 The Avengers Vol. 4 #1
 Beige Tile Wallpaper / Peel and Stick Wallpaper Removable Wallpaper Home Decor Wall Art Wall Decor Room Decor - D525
...
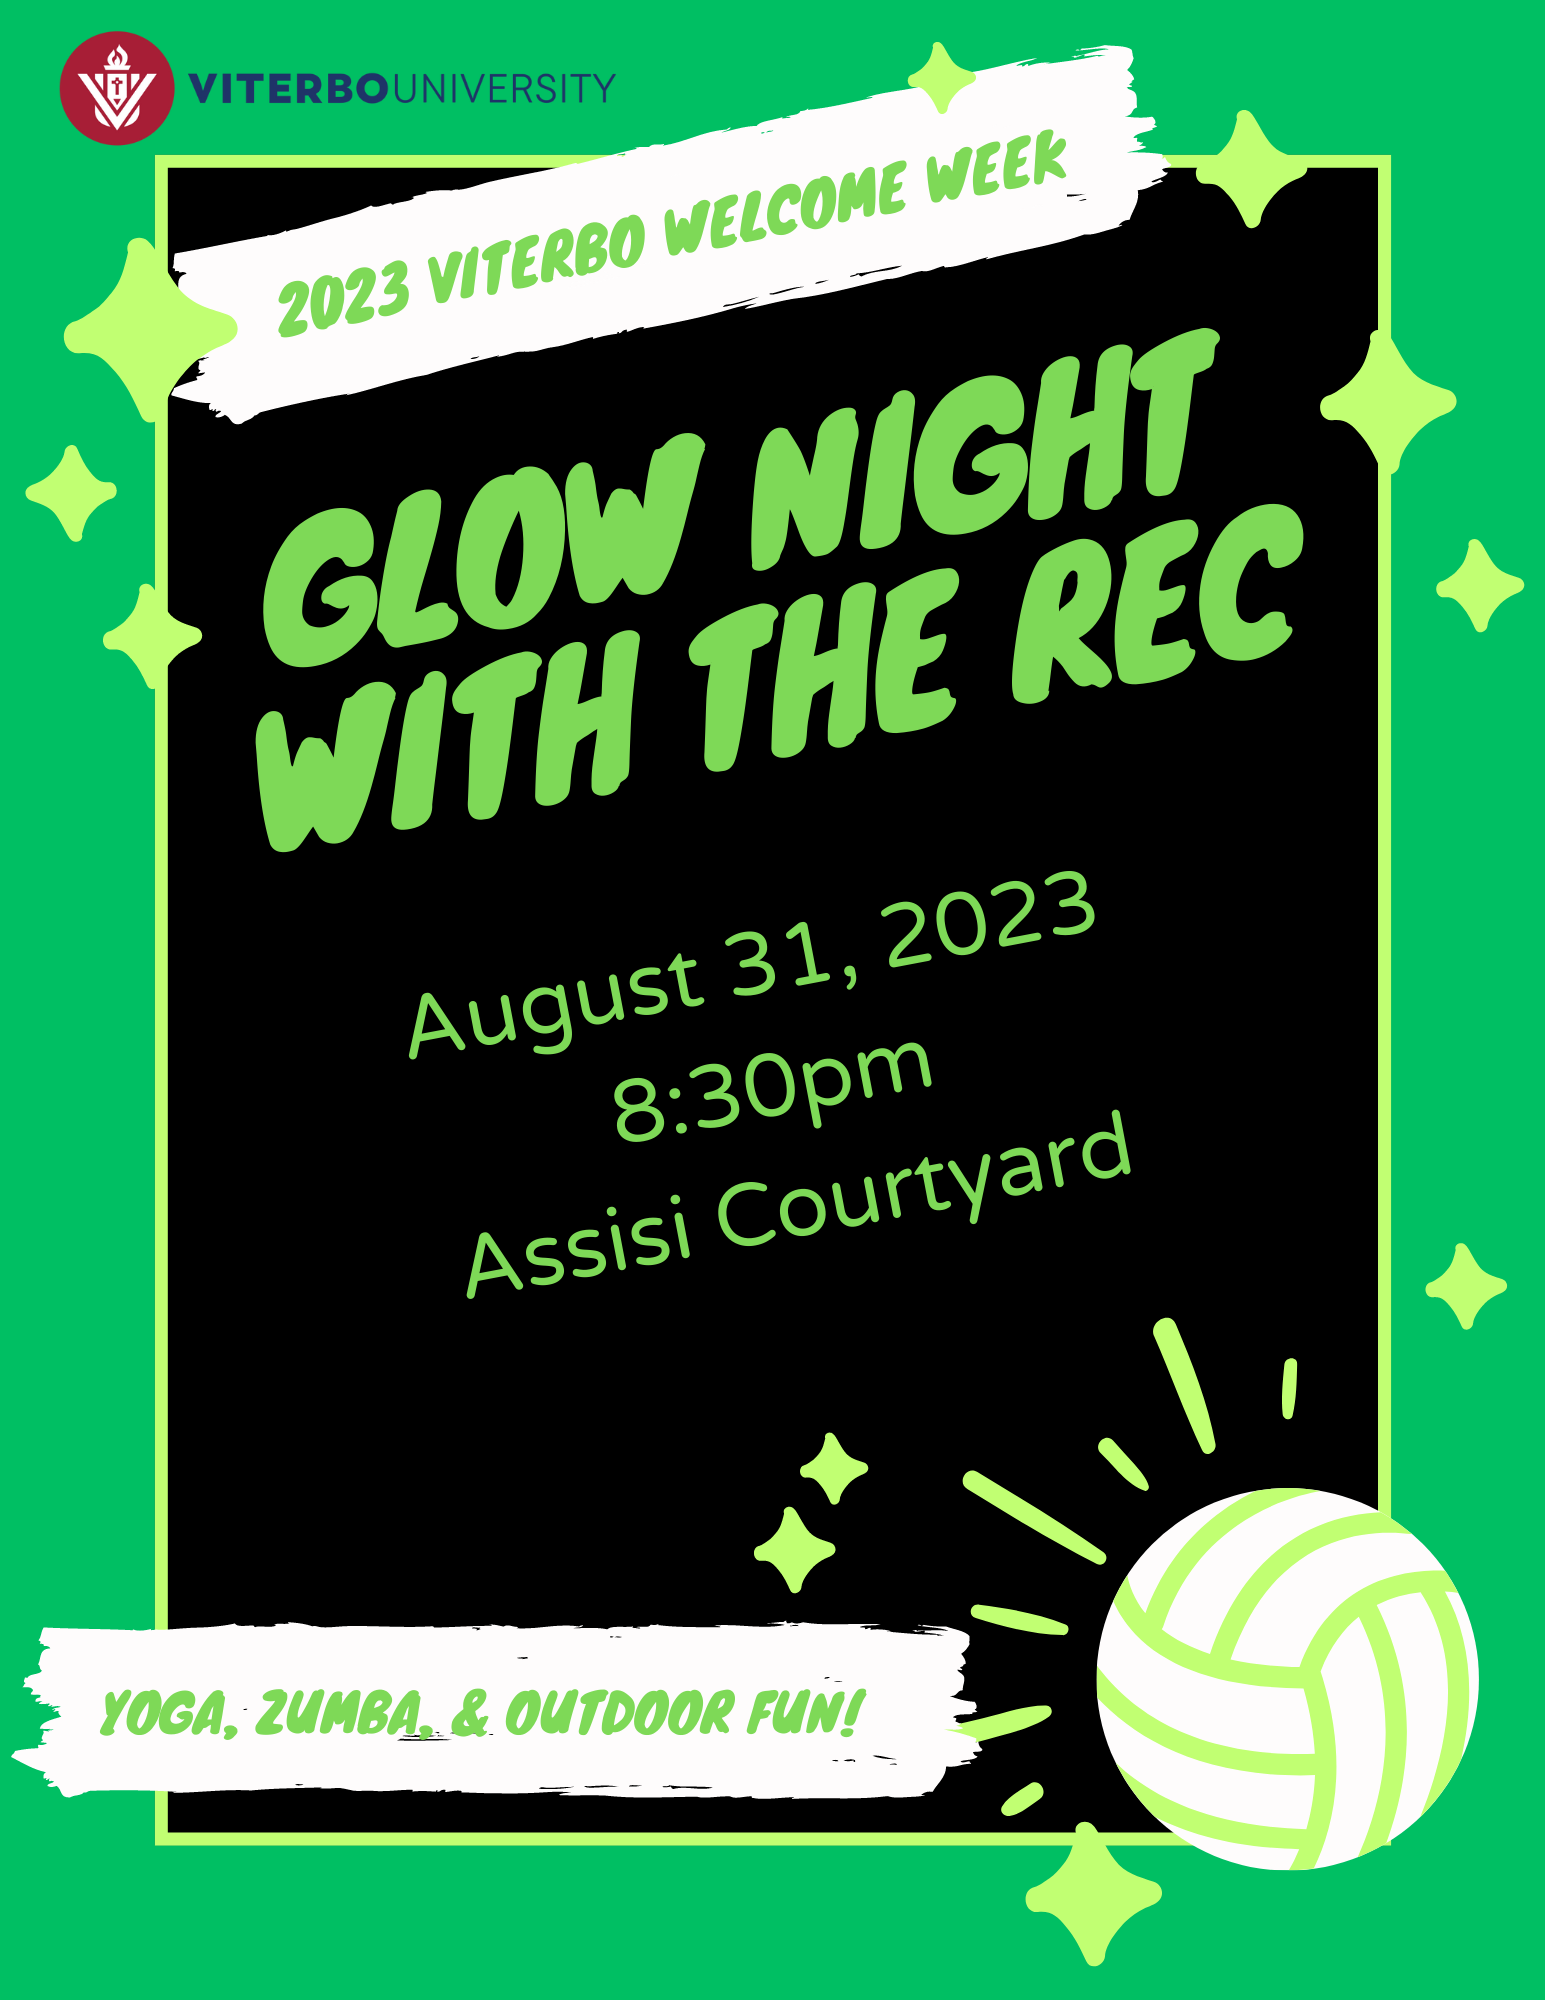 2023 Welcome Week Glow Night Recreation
--
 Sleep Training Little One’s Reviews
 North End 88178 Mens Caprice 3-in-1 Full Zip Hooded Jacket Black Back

PROBLEM REQUIREMENTS: In the entries above, find the line with "The Avengers Vol. 4 #1" and the line with "Beige Tile Wallpaper", then restate word for word both of them and every line between, with nothing more.

COMPLETED EXERCISE:
 The Avengers Vol. 4 #1
 Beige Tile Wallpaper / Peel and Stick Wallpaper Removable Wallpaper Home Decor Wall Art Wall Decor Room Decor - D525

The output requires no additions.